Tout le monde se tourna vers elle, puis regarda aussitôt ailleurs. Quand on est presque une femme, on s’abstient de crier quand on reçoit une taloche.
— Espèce de paresseuse ! A quoi rêvassais-tu, assise à ne rien faire s’exclama Broud. Je t’ai demandé de nous apporter à boire et tu n’as pas obéi. Pourquoi faut-il qu’on te le dise deux fois ?
Une bouffée de rage envahit Ayla. Elle s’en voulait d’avoir crié, de s’être humiliée devant tout le clan. Elle se leva, mais au lieu de bondir sur ses pieds, prompte à obéir, elle prit tout son temps et, jetant à Broud un regard noir, elle se mit en devoir d’apporter à boire aux hommes, muets de stupeur. Comment osait-elle se montrer si insolente ?
Donnant libre cours à sa colère, Broud se jeta sur elle, la fit pivoter et lui envoya en plein visage un coup de poing qui la projeta à terre. Il lui asséna un autre coup violent tandis qu’elle roulait en boule pour tenter de se protéger. Aucune plainte ne sortit de sa bouche, bien que le silence ne soit plus de rigueur en de telles circonstances. La fureur de Broud croissait avec sa violence ; il voulait l’entendre crier et, aveuglé par la rage, il fit pleuvoir sur elle une volée de coups féroces.
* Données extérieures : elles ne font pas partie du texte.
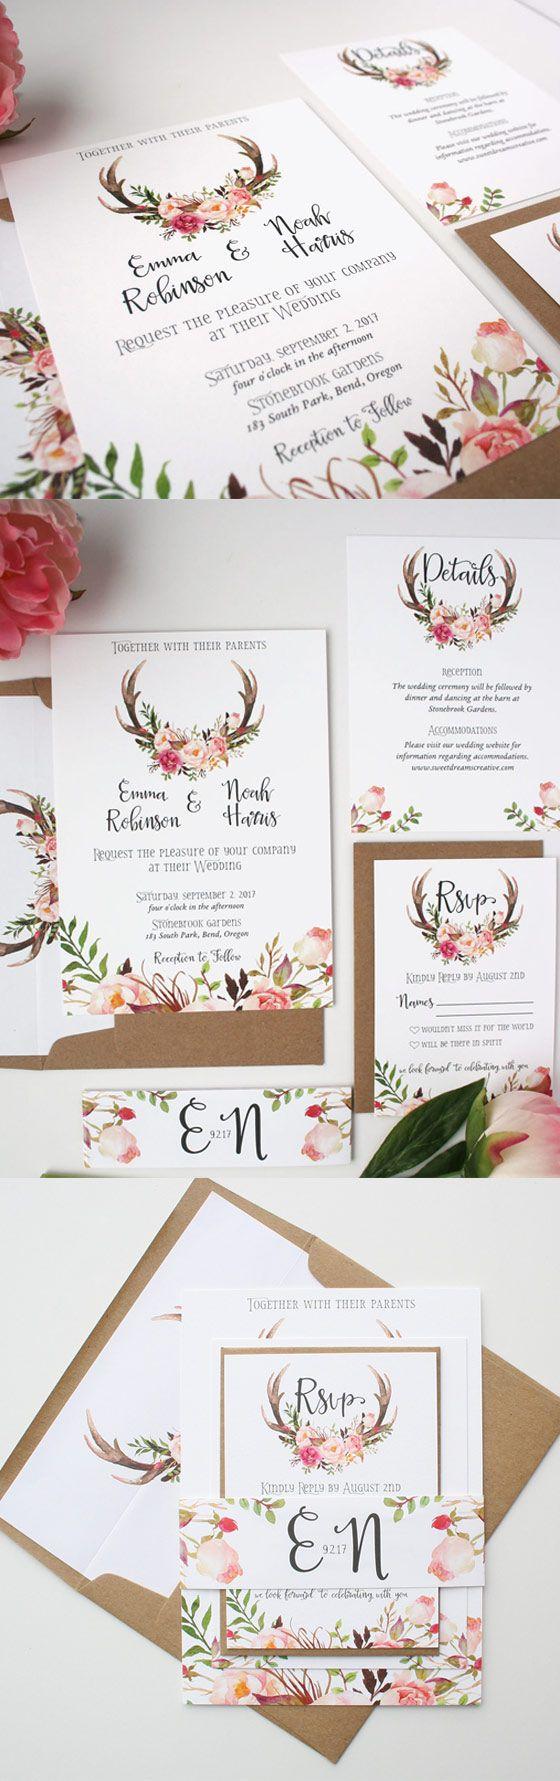 Antler wedding invitations for a rustic wedding
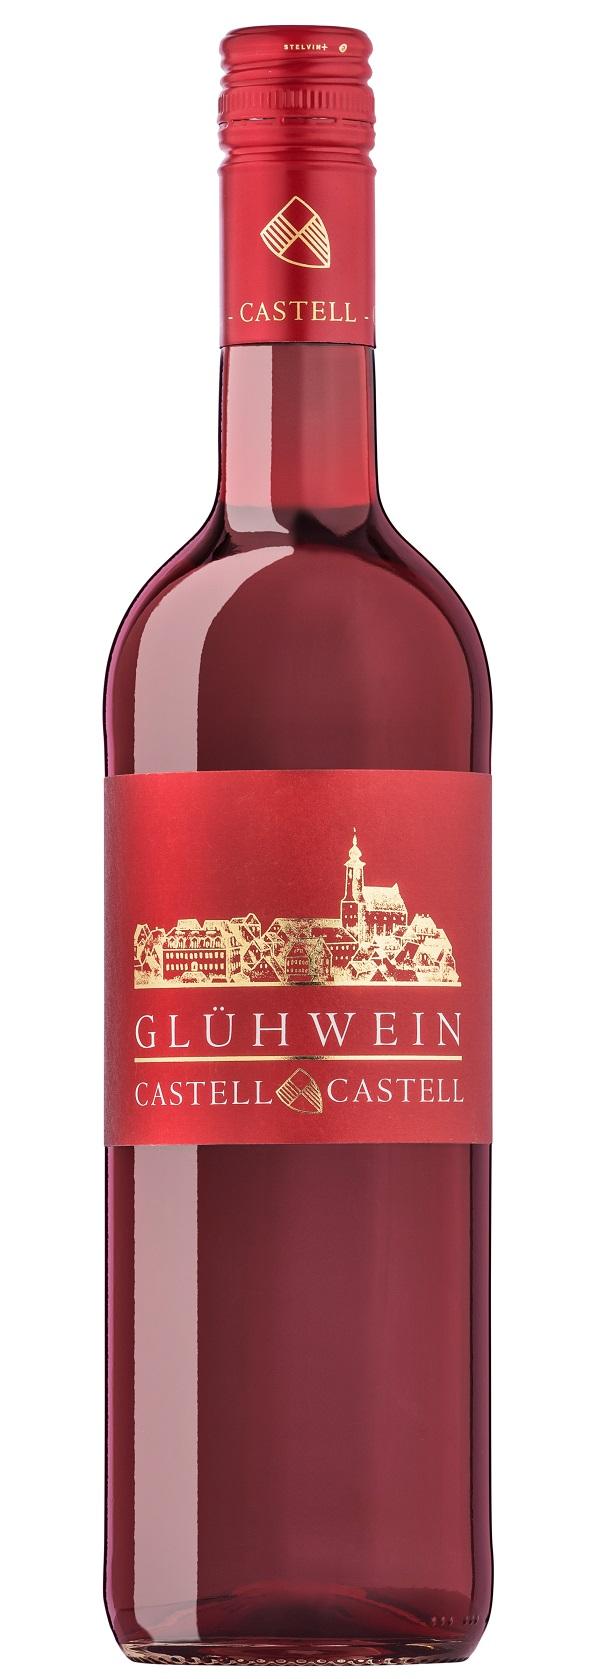 CASTELL-CASTELL GLÜHWEIN rot 2020

Se cuirassant contre la douleur, elle serra les dents, résolue à ne pas lui concéder ce plaisir. Mais au bout de quelques instants, elle n’était même plus en mesure de hurler.
Lentement, à travers le voile rouge qui l’aveuglait, elle prit vaguement conscience qu’on avait cessé de la battre. Elle sentit Iza l’aider à se relever et, en s’appuyant sur elle de tout son poids, elle tituba, à moitié évanouie, jusqu’à la caverne. Elle éprouva une vague sensation de bien-être quand la guérisseuse lui appliqua des cataplasmes et, avant de sombrer dans le sommeil, elle sentit confusément qu’on lui faisait absorber un breuvage amer.